More detailed description follows. First, souffle is executed with the profiler log option enabled on a given Datalog specification and a set of input facts. Then the generated log file is opened with souffle profiler. As described in the user manual section of souffle profiler, the profiler can be made to list the rules in the descending order of the total time consumed by each rule of the given Datalog specification. This list is very useful in the sense that one can compare the time taken by each rule with the number of tuples it generated. The rules which consume more time by generating less tuples are the candidates for optimisation. Typically optimising the top 10 rules in the list is sufficient.
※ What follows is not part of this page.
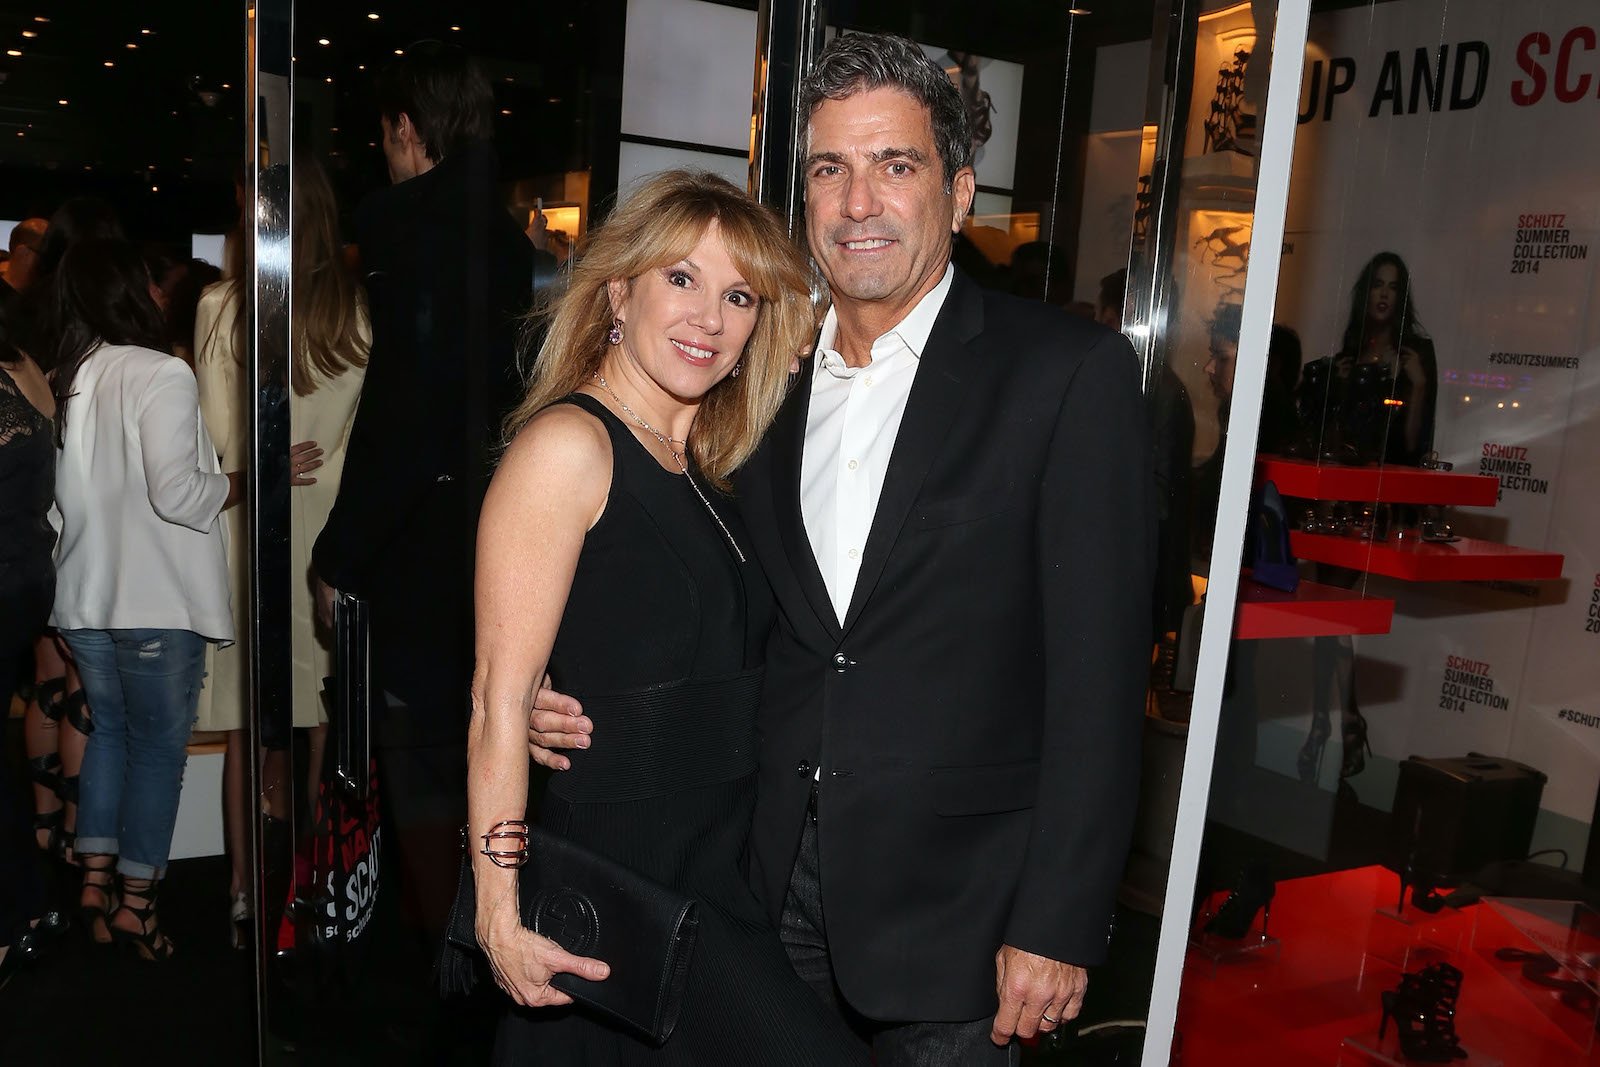 Ramona Singer Blames ‘RHONY’ for Her Divorce, Kari Wells From ‘Married to Medicine’ Says Reality TV Can Kill Relationships
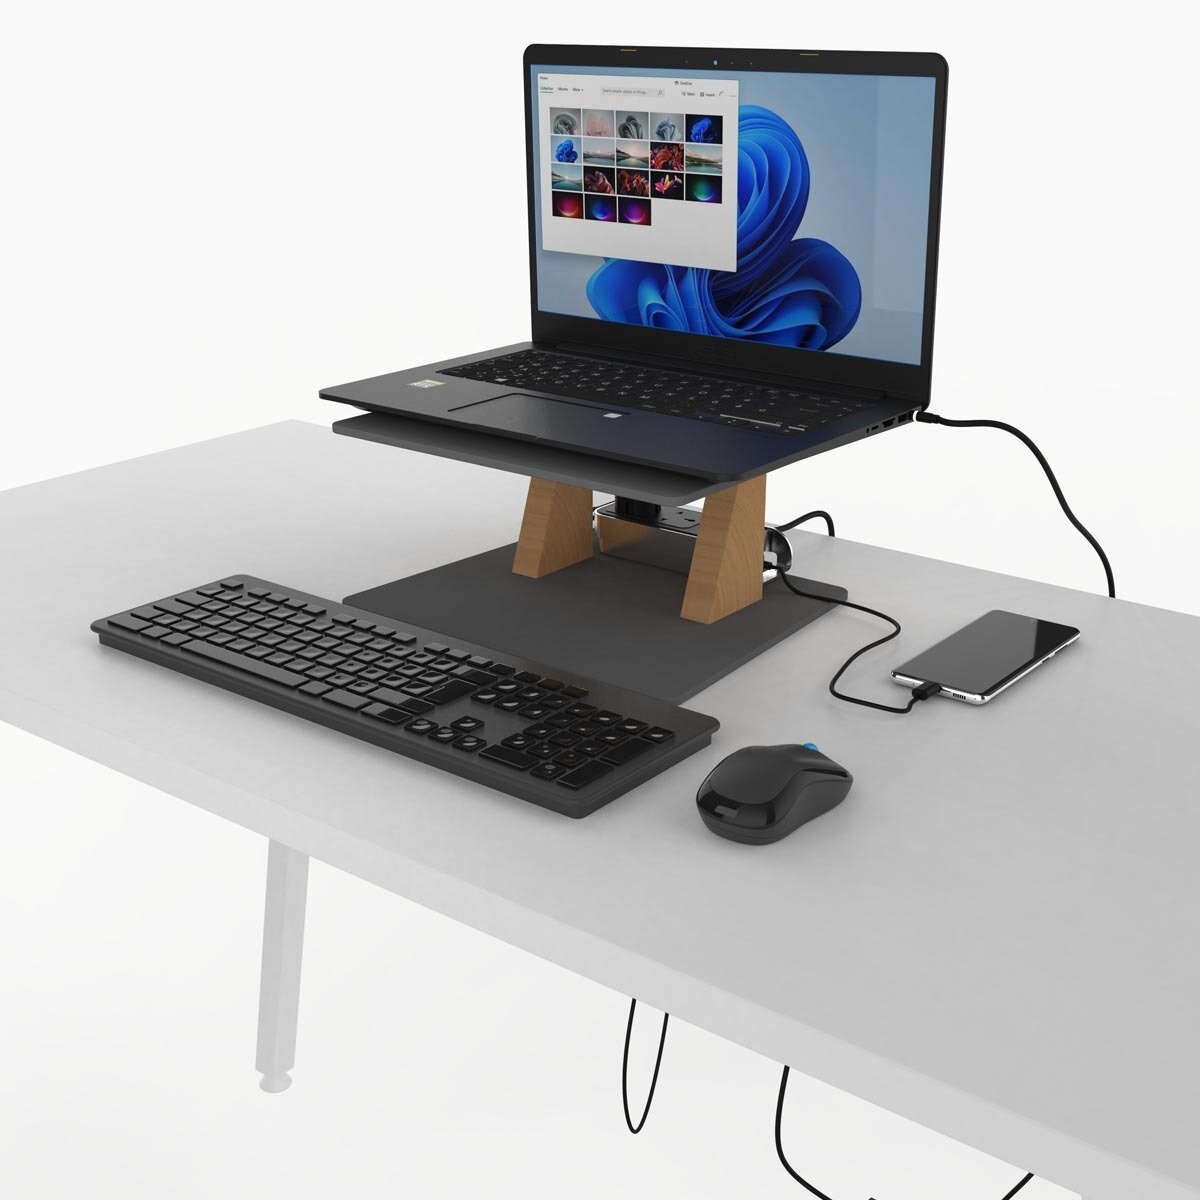 PowErgo: Ergonomic laptop support and power manager

A simple way to optimise a rule is to reorder the relations in its body based on the insight explained in the above section (Best Practices). Note that due to the semi-naive evaluation technique some rules are transformed into multiple rules. They are listed as versions of the rule. A manual query planner may be used to reorder predicates corresponding to a particular version of the rule. An example is given below.

```
A(x) :- B(x), C(x).
.plan 1: (2,1)
```

Assume that the relations B and C depend on A. Then the relations A, B and C are mutually recursive. Then the different version of the above rule will look like

```
Version 0: A(x) :- Δ B(x), C(x)
Version 1: A(x) :- B(x), Δ C(x)
```

Δ B(x) includes only the new tuples of B generated in the previous stage of the semi-naive evaluation.

And the statement starting with .plan swaps the relations in the body of the Version 1 of the rule. Souffle also provides an auto-scheduler which finds orders automatically. However, the auto-scheduler is still experimental and does not produce high-quality orders. Note that to fully understand the optimisations a good understanding of the semi-naive algorithm is required.